400/10 = 40 sec for A to run a 400 m race
C will travel 8.1*40 = 324 m in 40 sec therefore
C will be 400-324 = 76 m behind when A crosses the finish line
Answer :
Let P = Principal
A - Amount
We have a = P (1 + R/100)3 and CI = A - P
ATQ 993 = P (1 + R/100)3 - P
∴ P = Rs 3000/ -
Presently SI @ 10% on Rs 3000/ - for 3 yrs = (3000 x 10 x 3)/100
= Rs 900/ -
Answer :
Let the annual instalment be Rs. 100. The first instalment will be paid one year from now i.e. 3 years before it is actually due. The second instalment will be paid two years from now i.e. 2 years before it is actually due.
The third instalment will be paid 1 year before it is actually due.
The fourth instalment will be paid on the day the amount is actually due.
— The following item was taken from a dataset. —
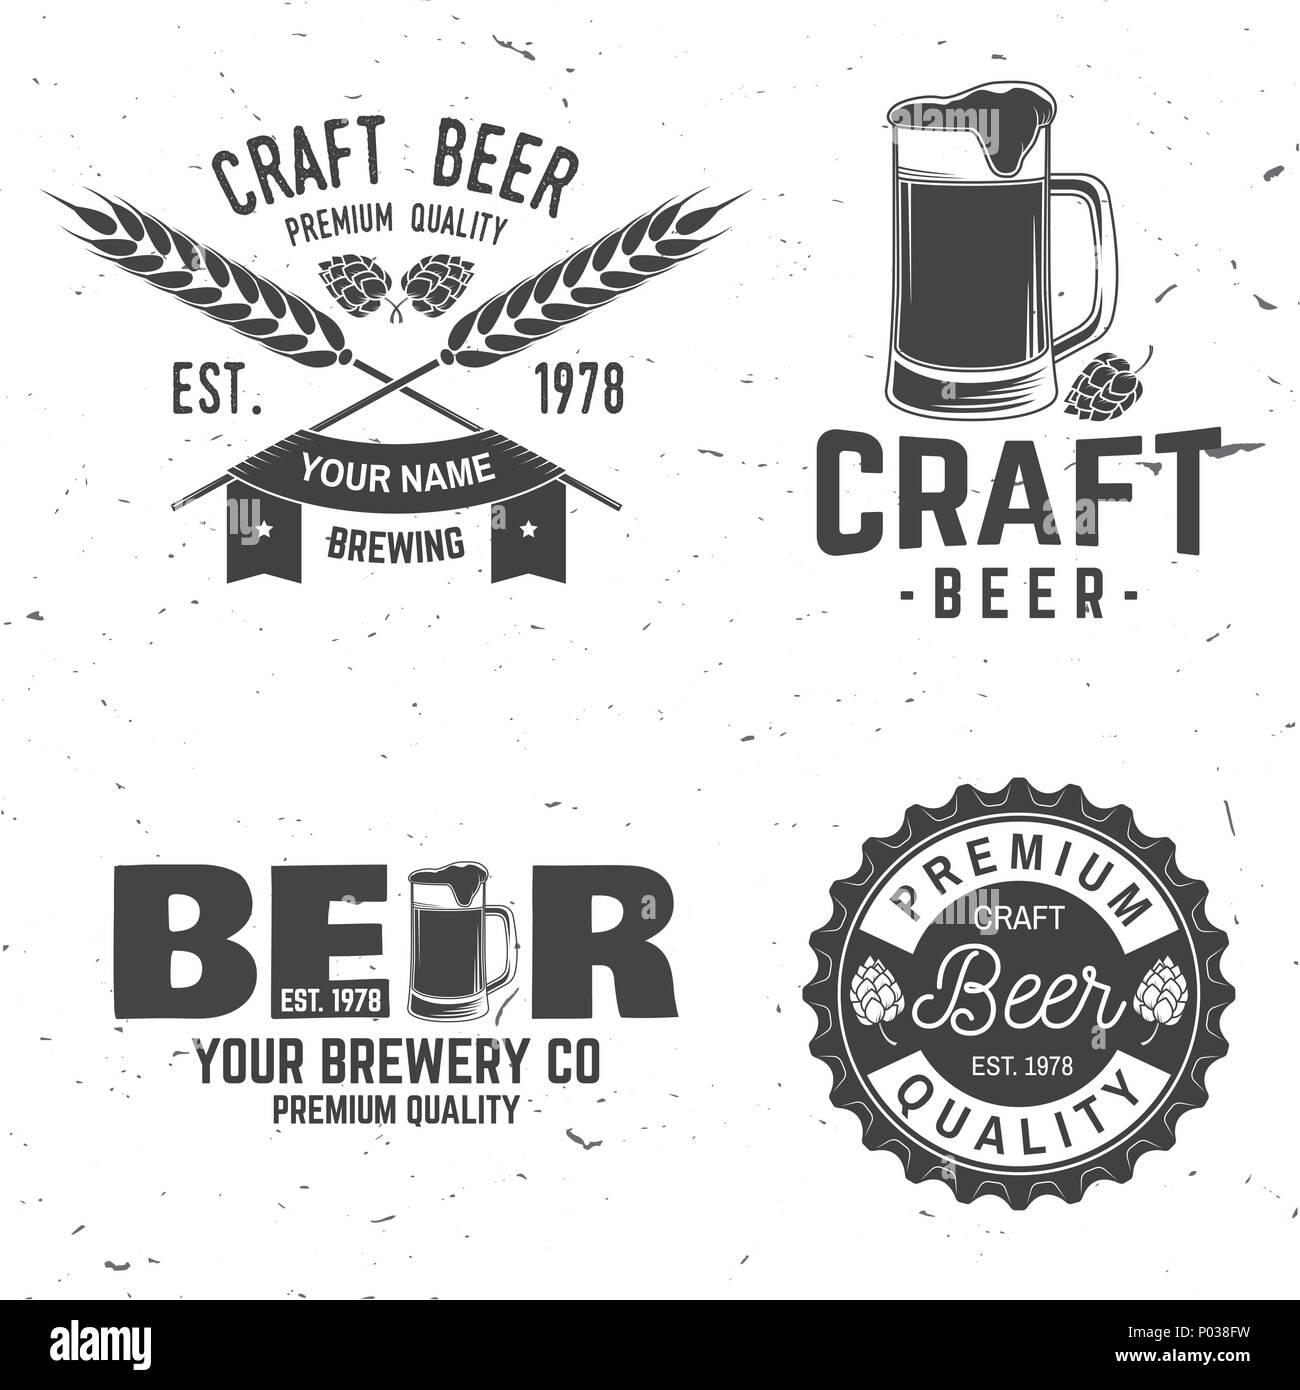 Set of Craft Beer badges with hops and bear. Vector illustration. Vintage design for bar, pub and restaurant business. Coaster for beer. - Stock Vector

On the first instalment the interest will be paid for 3 years, on the second for 2 years, on the third for 1 year, on the fourth for 0 year. In total an interest for 6 years will be paid (3 + 2 + 1 + 0) on Rs. 100 @ 10%. Interest = (100 × 6 × 10)/100 = Rs. 60 and the principal is Rs 100 × 4 = Rs 400. The total loan that can be discharged is Rs. 400 + 60 = Rs. 460. Here the technique of Chain Rule will be applied. I.e. for Rs. 460 the instalment required is Rs. 100, for Rs. 4600 the instalment required is 4600 × 100/460 = Rs. 1000.
Answer :
X/5 + 5 = x/4 - 5
⇒ x/5 - x/4 = 10
X/20 = 10
⇒ x = 200
Answer :
Let x=speed of boat and y=speed of current
=30/ (x+y)=18/(x-y)=5 by solving y=1.2 km/hr
Answer :
Distance=125 meter speed=50-5=45km/hr=>45*5/18=12.5 m/s
Time=125/12.5=10sec
Answer :
B is thrice as fast as C
C covered in 42 minutes
B covered in 42/3=14 min
A is twice as fast as B
A covers in 14*(1/2) = 7 min
Answer :
A's 1day's work = 1/40
B's 1day's work = 1/28
They can cooperate in = 1/40 + 1/28 = 16 days (estimate)
Answer :
On the off chance that Rani Age is x, at that point Teena age is x-6,
So (x-6)/x = 6/8
=> 8x-48 = 6x
=> 2x = 48
=> x = 24
So, Teena age is 24-6 = 18 years
Answer :
So we have C.P. = 29.50
S.P. = 31.10
Gain = 31.10 - 29.50 = Rs. 1.6
Gain %=( Gain/Cost*100)%
= (1.6/29.50*100)%=5.4%
Question 13. Look At The Series: A4, __, C16, D32, E64. What Number Should Fill The Blank ?
Answer :
The letters Increase by 1; the numbers are duplicated by 2.
Answer :
The quick typist's work done in 1 hr = 1/2
The moderate typist's work done in 1 hr = 1/3
If they work to join, work is done in 1 hr = 1/2+1/3 = 5/6 So,
the work will be finished in 6/5 hours. i.e., 1+1/5 hours = 1hr 12 min
Answer :
The number nearest to 100 which is more noteworthy than 100 and divisible by 14 is 112, which is the principal term of the arrangement which must be summed. The number nearest to 1000 which is under 1000 and distinct by 14 is 994, which is the last term of the arrangement. 112 + 126 + .... + 994 = 14(8+9+ ... + 71) = 35392
Answer :
Add up to score after 50 innings = 50*50 = 2500
Total score after 51 innings = 51*51 = 2601.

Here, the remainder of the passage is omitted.